----- Provided information -----

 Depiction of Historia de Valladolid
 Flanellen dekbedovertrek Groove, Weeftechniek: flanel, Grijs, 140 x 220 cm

-----
----- Provided information -----

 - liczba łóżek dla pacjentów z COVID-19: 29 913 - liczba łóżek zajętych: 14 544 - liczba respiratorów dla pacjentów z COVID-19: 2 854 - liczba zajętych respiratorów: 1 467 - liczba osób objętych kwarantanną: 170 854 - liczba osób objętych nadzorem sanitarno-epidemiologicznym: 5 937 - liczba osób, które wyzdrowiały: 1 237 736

-----
----- Provided information -----

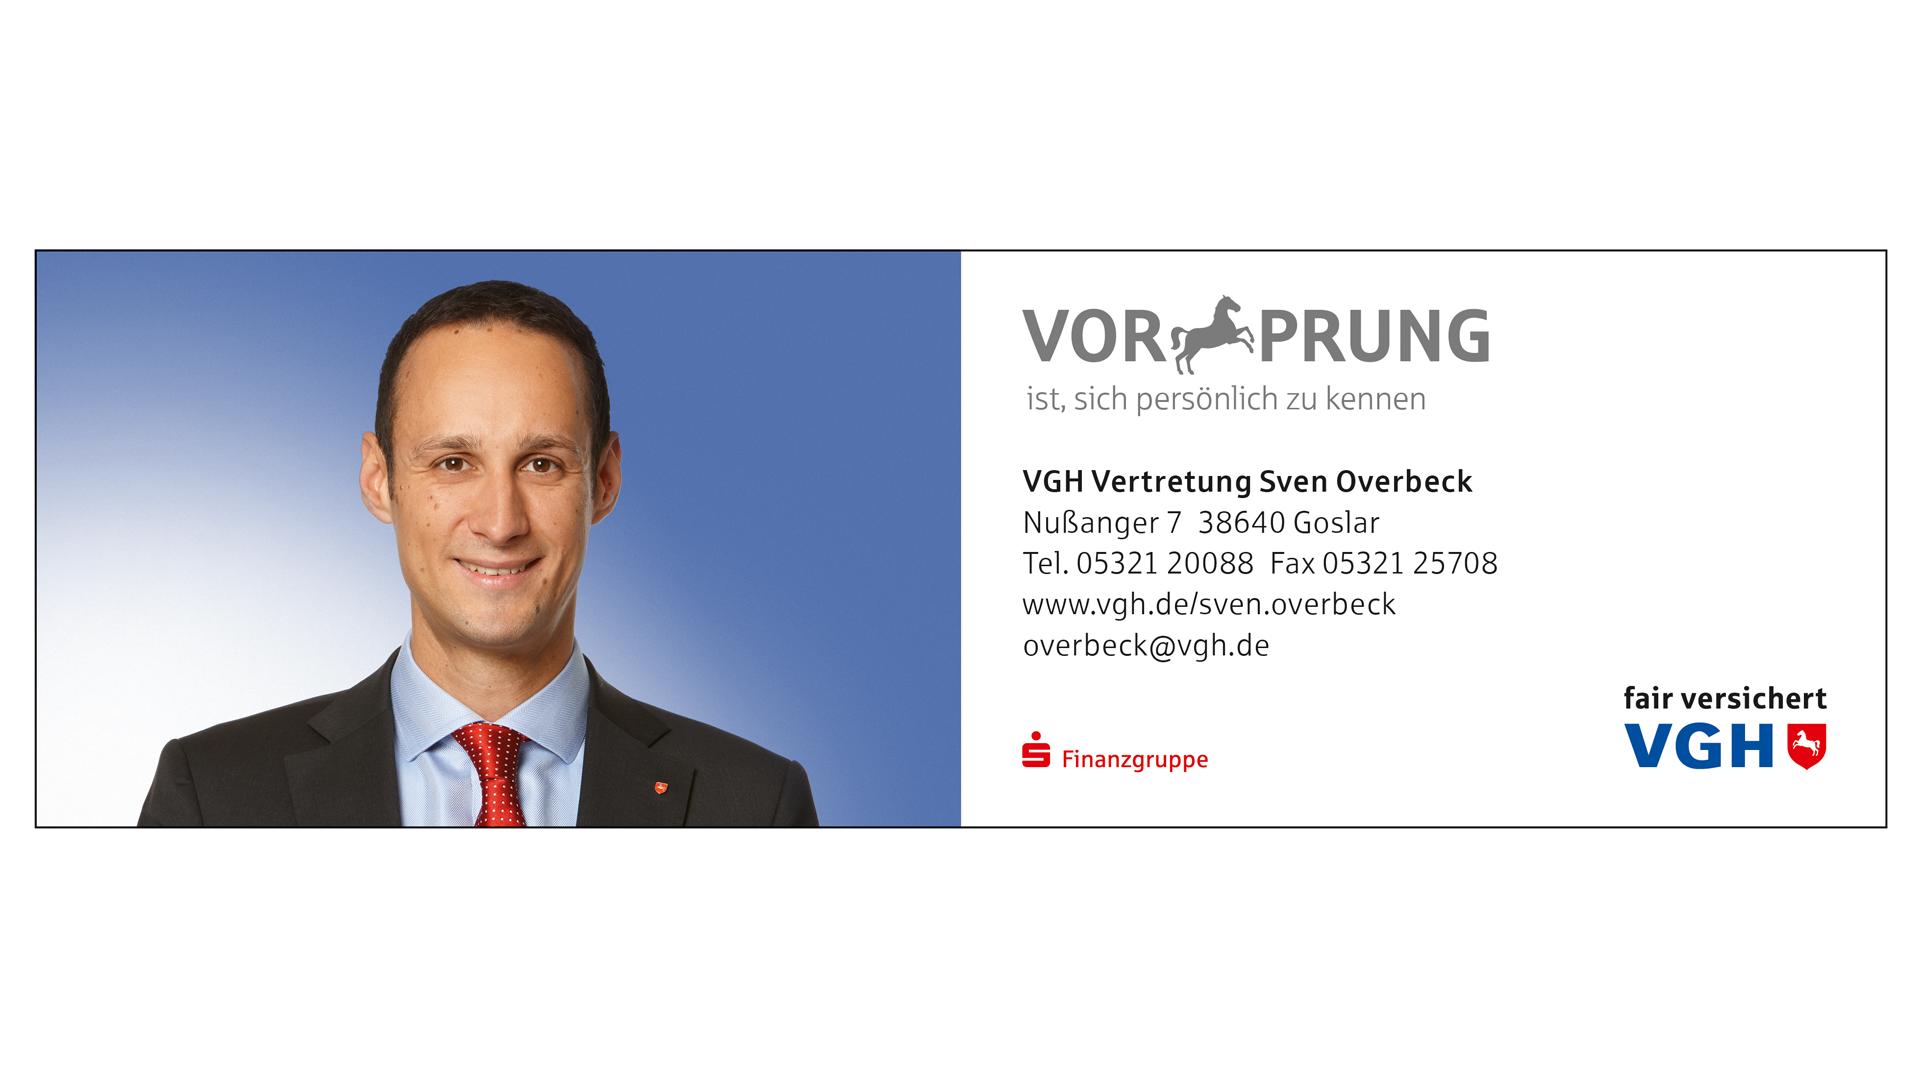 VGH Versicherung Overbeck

-----

Your answer should be the lines of the listing above between the line holding "Depiction of Historia de Valladolid" and the line holding "140 x 220 cm", inclusive, restated word for word and alone.

Solved problem -
 Depiction of Historia de Valladolid
 Flanellen dekbedovertrek Groove, Weeftechniek: flanel, Grijs, 140 x 220 cm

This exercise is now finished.